CVE-2021-28446: 
vulnerability analysis and mitigation

CVE-2021-28446 is a Windows Portmapping Information Disclosure Vulnerability that was identified and recorded on March 15, 2021. The vulnerability affects multiple versions of Microsoft Windows operating systems, including Windows 10, Windows 7 SP1, Windows 8.1, Windows Server 2008, 2012, 2016, and 2019 (NIST NVD, MITRE CVE).

The vulnerability has been assigned varying CVSS severity ratings. According to the NVD, it has a CVSS 3.1 Base Score of 5.5 (Medium) with a vector string of CVSS:3.1/AV:L/AC:L/PR:L/UI:N/S:U/C:H/I:N/A:N, while Microsoft's assessment gives it a higher score of 7.1 (High) with a vector string of CVSS:3.1/AV:L/AC:L/PR:L/UI:N/S:U/C:H/I:N/A:H. The CVSS 2.0 base score is rated as 2.1 (Low) with a vector of (AV:L/AC:L/Au:N/C:P/I:N/A:N) (NIST NVD).
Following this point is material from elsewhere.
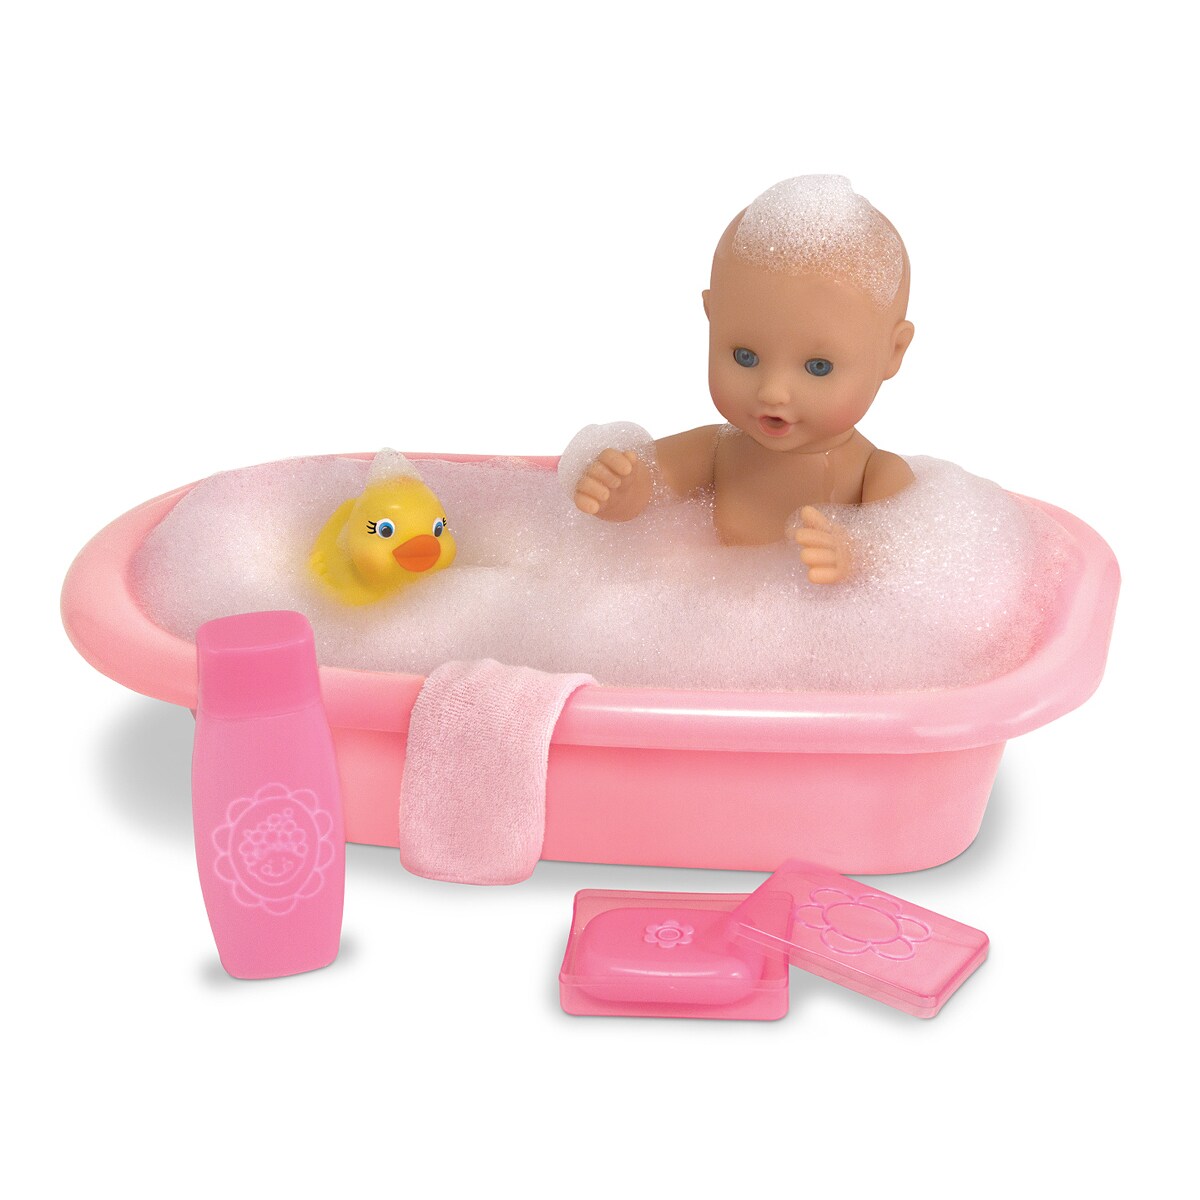 baby doll and bath

This vulnerability primarily affects information disclosure, with high potential for exposing sensitive data. The CVSS scores indicate that while the vulnerability requires local access, it can lead to significant confidentiality impacts without requiring user interaction (NIST NVD).

Microsoft has released security patches to address this vulnerability. The fix is available through the Microsoft security advisory and should be applied to affected systems (Microsoft Advisory).